There is a strong negative association (0.62) between the safety score and rate of misconduct per 100 students. Below is a scatter plot with a linear regression line to represent the association.

## `geom_smooth()` using formula = 'y ~ x'

Additionally, the linear model can be described by the data below.

## 
## Call:
## lm(formula = cchs_num$rate_of_misconducts_per_100_students ~ 
##     cchs_num$safety_score, data = mpg)
## 
## Coefficients:
##           (Intercept)  cchs_num$safety_score  
##               35.2307                -0.4161

The equation that represents this association is y = -0.4161x + 35.2307.

2. Family Involvement Score and Rate of Misconducts Per 100 Students

There is a strong negative association (-0.46) between the family involvement score and rate of misconduct per 100 students. Below is a scatter plot with a linear regression line to represent the association.

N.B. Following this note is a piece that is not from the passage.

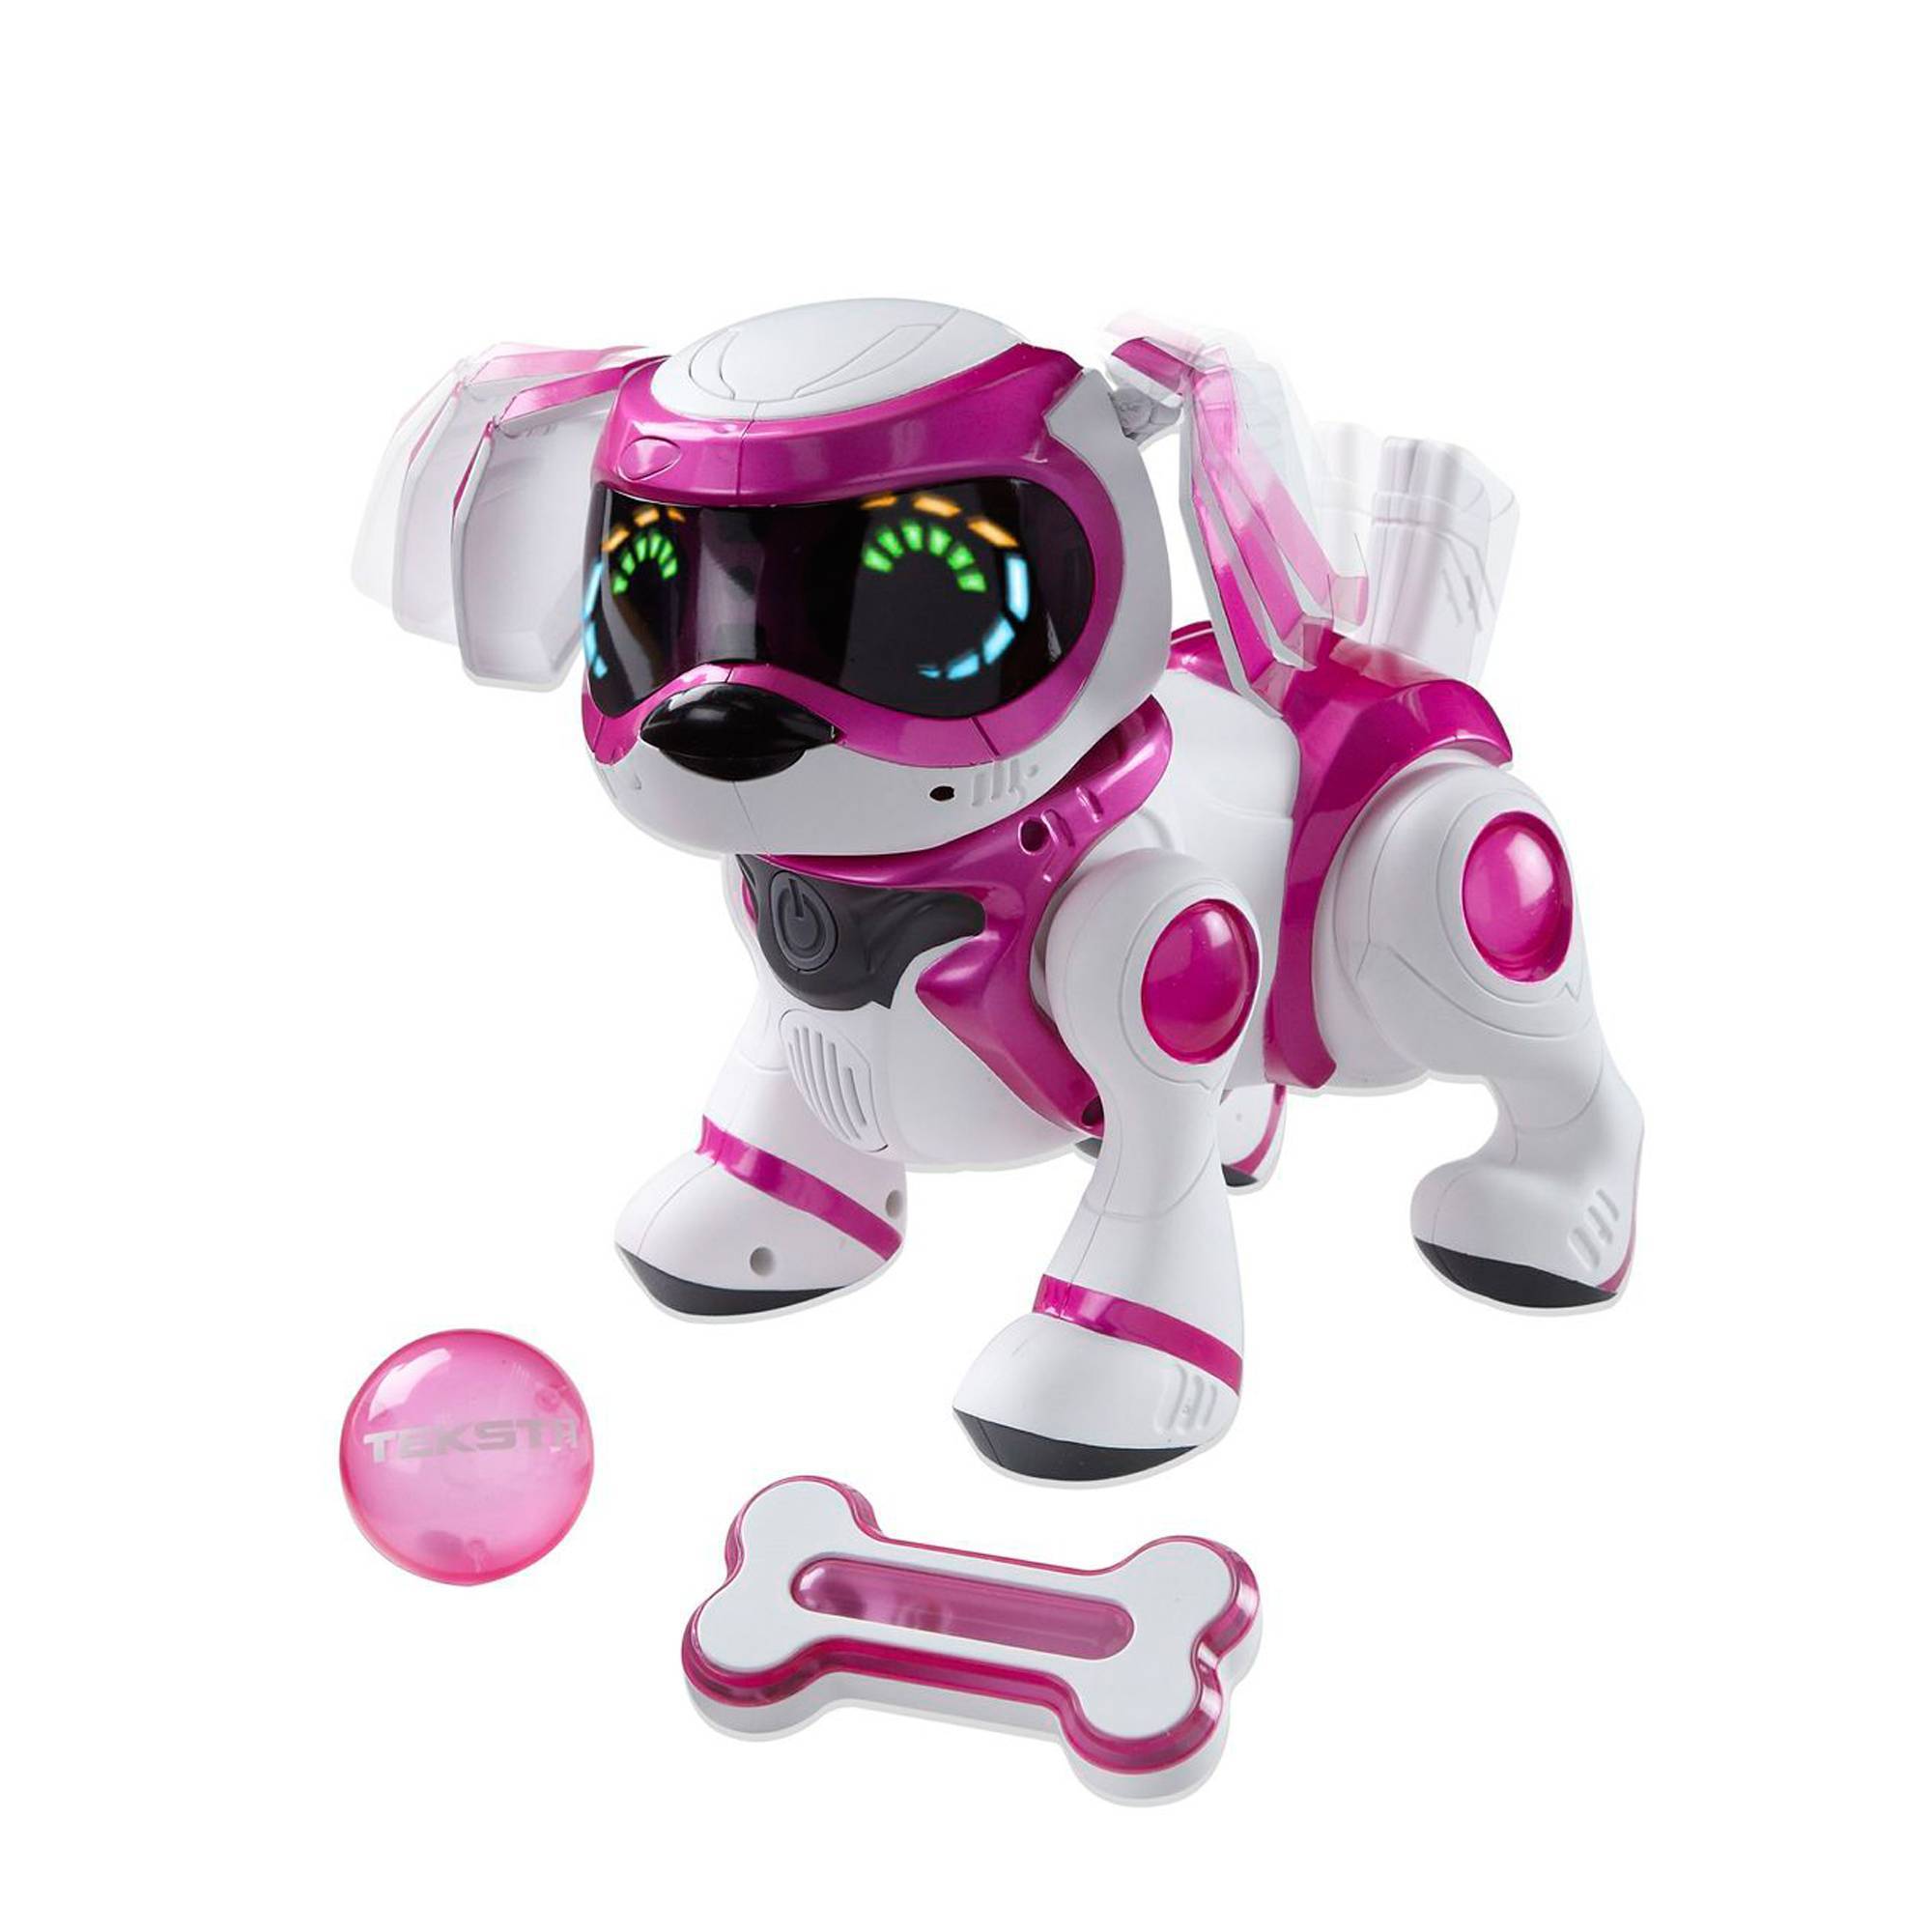 Включи радио для собак. Интерактивная собака teksta - Puppy с аксессуарами, Manley Toys (68377). Интерактивная собака teksta - Puppy. Интерактивная игрушка Manley Toys. Teksta Robotic Puppy 5g.

## `geom_smooth()` using formula = 'y ~ x'

Additionally, the linear model can be described by the data below.

## 
## Call:
## lm(formula = cchs_num$rate_of_misconducts_per_100_students ~ 
##     cchs_num$family_involvement_score, data = mpg)
## 
## Coefficients:
##                       (Intercept)  cchs_num$family_involvement_score  
##                           32.4568                            -0.3617

The equation that represents this association is y = -0.3617x + 32.4568.